Across the country, polls show that Gingrich and the Contract With America that won Republicans control of Congress in 1994 have fallen in extreme disfavor. In casual conversation, Owens calls it the "Contract on America" and chuckles that Hayworth has hastily tried to distance himself from Gingrich in the last few weeks. But Owens has failed to use the Contract--the best Democratic weapon across the country--effectively.
In fact, there has been remarkably little attempt by either campaign to distinguish the candidates from one another based on issues or policy.
Of course, there are some areas where Owens and Hayworth agree. Both support Indian gaming, a balanced budget and campaign finance reform.
But in most areas, the candidates are polar opposites:
* Social spending: While Owens supports recently passed welfare-reform legislation, he opposes cuts in student loans, pensions, school-lunch programs and Medicare made during Gingrich's reign. Hayworth supported--and still supports--such legislation.
* Taxes: Hayworth strongly supports tax cuts, including the plan proposed by Republican presidential candidate Bob Dole. Owens has not endorsed such a plan, and refuses to pledge that he will not vote to raise taxes.
* Gun control: Owens supports gun control.
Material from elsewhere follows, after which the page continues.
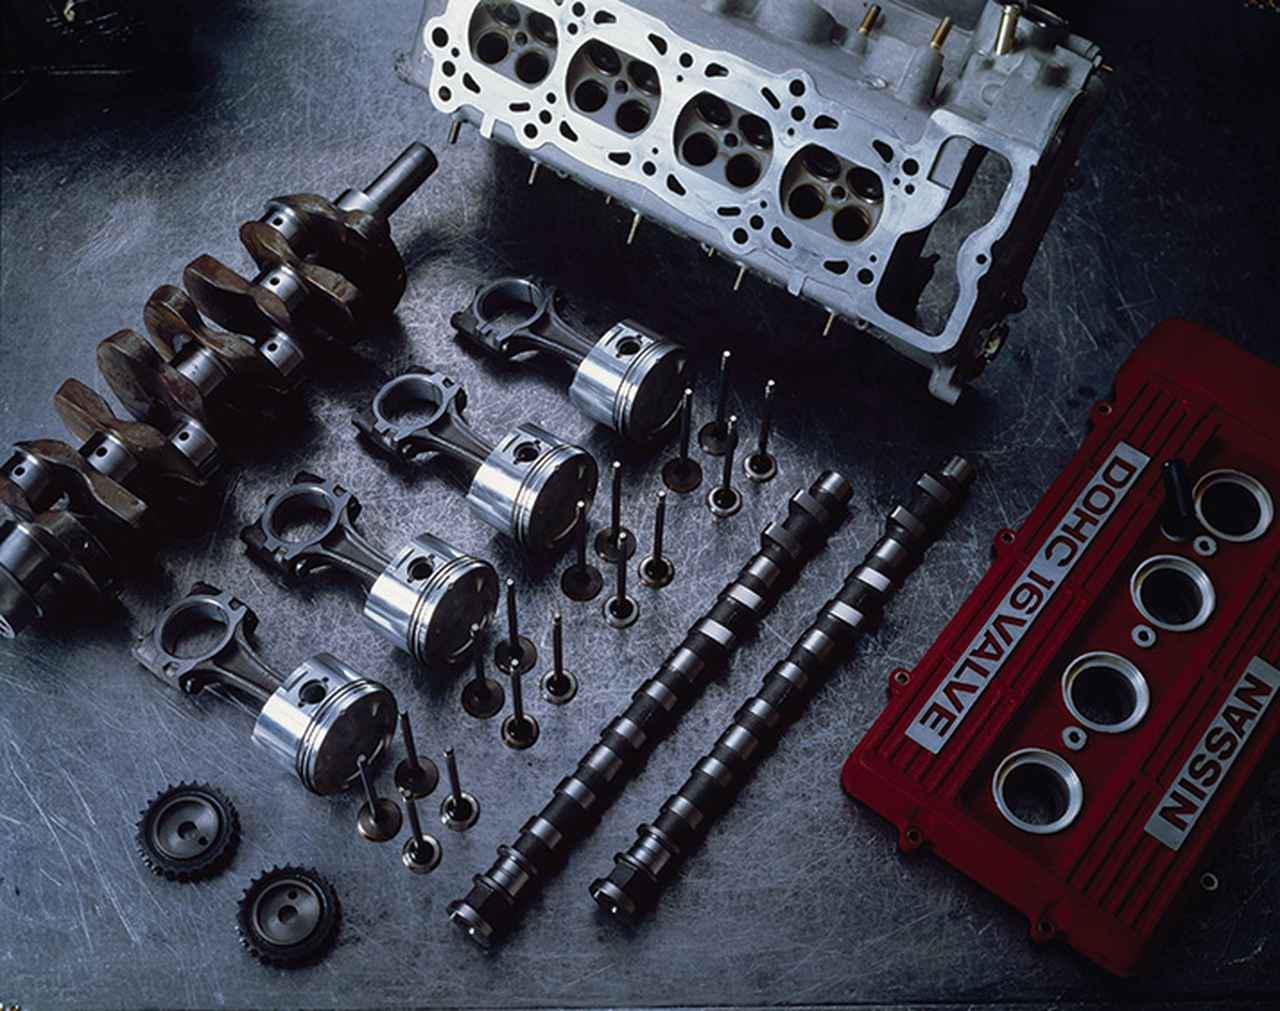 画像: 機能美のあふれるFJ20Eエンジンの主要コンポーネンツ。16本の吸排気バルブは高性能の証だ。

Hayworth does not.
* Education: Hayworth would like to abolish the U.S. Department of Education and give control of schools to the states. Owens opposes the idea.
* National Parks and Monuments: Hayworth voted repeatedly for legislation to create a national park closure commission, much like the commission that shut down military bases. Owens opposes that legislation and--unlike Hayworth--supported President Clinton's dedication of the Grand Staircase-Escalante National Monument in Utah.
* Environment: Hayworth and his supporters point to expansion of Walnut Canyon National Monument as proof of his pro-environment stance. But the Sierra Club strongly opposes Hayworth, citing his poor ratings from the National League of Conservation Voters. Owens shies away from the topic, possibly because many District 6 residents are wise-users, and, oddly for a Democrat, he has not sought the Sierra Club's endorsement.
* Abortion: Hayworth is anti- and Owens is pro-choice.
Not one of these major substantive policy differences has been a focus of campaigning by either candidate in Congressional District 6.
The last independent poll on the Hayworth-Owens race was conducted in late September. The two were virtually tied. Perhaps because of the closeness of the race, as the 1996 campaign season draws to a close, the nastiness is growing even more intense.